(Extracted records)
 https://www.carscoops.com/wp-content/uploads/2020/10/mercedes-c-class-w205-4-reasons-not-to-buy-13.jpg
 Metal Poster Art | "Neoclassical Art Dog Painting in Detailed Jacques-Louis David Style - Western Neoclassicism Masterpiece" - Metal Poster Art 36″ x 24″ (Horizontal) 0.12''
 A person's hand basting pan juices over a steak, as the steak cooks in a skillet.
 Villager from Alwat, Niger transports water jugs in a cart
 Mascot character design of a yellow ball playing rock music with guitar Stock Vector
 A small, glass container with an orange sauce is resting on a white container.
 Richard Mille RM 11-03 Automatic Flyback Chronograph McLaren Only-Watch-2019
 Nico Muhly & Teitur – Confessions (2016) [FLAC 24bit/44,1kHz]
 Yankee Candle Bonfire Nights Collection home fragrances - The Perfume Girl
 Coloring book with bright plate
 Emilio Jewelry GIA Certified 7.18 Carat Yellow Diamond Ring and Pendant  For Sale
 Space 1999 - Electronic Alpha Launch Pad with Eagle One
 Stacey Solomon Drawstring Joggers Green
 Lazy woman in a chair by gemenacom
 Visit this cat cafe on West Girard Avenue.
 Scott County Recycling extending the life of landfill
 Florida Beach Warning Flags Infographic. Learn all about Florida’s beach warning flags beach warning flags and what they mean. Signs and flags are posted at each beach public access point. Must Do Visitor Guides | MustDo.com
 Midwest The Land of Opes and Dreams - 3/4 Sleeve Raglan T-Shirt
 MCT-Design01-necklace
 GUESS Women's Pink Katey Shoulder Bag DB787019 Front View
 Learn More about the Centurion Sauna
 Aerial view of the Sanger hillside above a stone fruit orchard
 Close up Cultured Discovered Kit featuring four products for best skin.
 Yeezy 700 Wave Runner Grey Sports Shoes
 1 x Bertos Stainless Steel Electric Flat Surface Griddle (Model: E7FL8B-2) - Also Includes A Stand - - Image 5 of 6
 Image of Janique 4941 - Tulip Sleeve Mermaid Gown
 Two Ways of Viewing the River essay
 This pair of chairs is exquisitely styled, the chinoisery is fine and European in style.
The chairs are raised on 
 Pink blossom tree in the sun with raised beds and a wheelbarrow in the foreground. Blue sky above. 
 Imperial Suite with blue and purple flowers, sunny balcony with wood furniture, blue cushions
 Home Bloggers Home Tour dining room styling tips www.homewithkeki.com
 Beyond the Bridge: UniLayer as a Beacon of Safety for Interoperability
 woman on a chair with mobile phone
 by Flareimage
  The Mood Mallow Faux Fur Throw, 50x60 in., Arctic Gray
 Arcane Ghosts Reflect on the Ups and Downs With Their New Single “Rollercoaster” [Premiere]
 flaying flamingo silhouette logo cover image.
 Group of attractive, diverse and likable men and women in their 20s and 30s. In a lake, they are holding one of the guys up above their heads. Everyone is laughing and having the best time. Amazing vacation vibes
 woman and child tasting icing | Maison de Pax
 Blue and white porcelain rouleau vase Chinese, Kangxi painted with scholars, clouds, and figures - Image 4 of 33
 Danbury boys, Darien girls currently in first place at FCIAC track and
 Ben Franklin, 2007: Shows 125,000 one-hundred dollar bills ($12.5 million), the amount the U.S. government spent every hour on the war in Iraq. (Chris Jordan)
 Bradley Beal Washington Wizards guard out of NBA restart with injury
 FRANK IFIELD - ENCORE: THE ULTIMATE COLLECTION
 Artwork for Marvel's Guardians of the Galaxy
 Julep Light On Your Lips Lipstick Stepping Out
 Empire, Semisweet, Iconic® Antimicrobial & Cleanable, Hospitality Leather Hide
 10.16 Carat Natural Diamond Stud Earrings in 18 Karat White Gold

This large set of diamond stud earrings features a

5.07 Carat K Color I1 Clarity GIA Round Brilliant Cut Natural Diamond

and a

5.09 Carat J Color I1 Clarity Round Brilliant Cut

(Exercise details):
Starting with the line that holds "Midwest The Land" and ending with the line that holds "1 x Bertos Stainless", retype every line in the data above exactly, and nothing else.

(Task result):
 Midwest The Land of Opes and Dreams - 3/4 Sleeve Raglan T-Shirt
 MCT-Design01-necklace
 GUESS Women's Pink Katey Shoulder Bag DB787019 Front View
 Learn More about the Centurion Sauna
 Aerial view of the Sanger hillside above a stone fruit orchard
 Close up Cultured Discovered Kit featuring four products for best skin.
 Yeezy 700 Wave Runner Grey Sports Shoes
 1 x Bertos Stainless Steel Electric Flat Surface Griddle (Model: E7FL8B-2) - Also Includes A Stand - - Image 5 of 6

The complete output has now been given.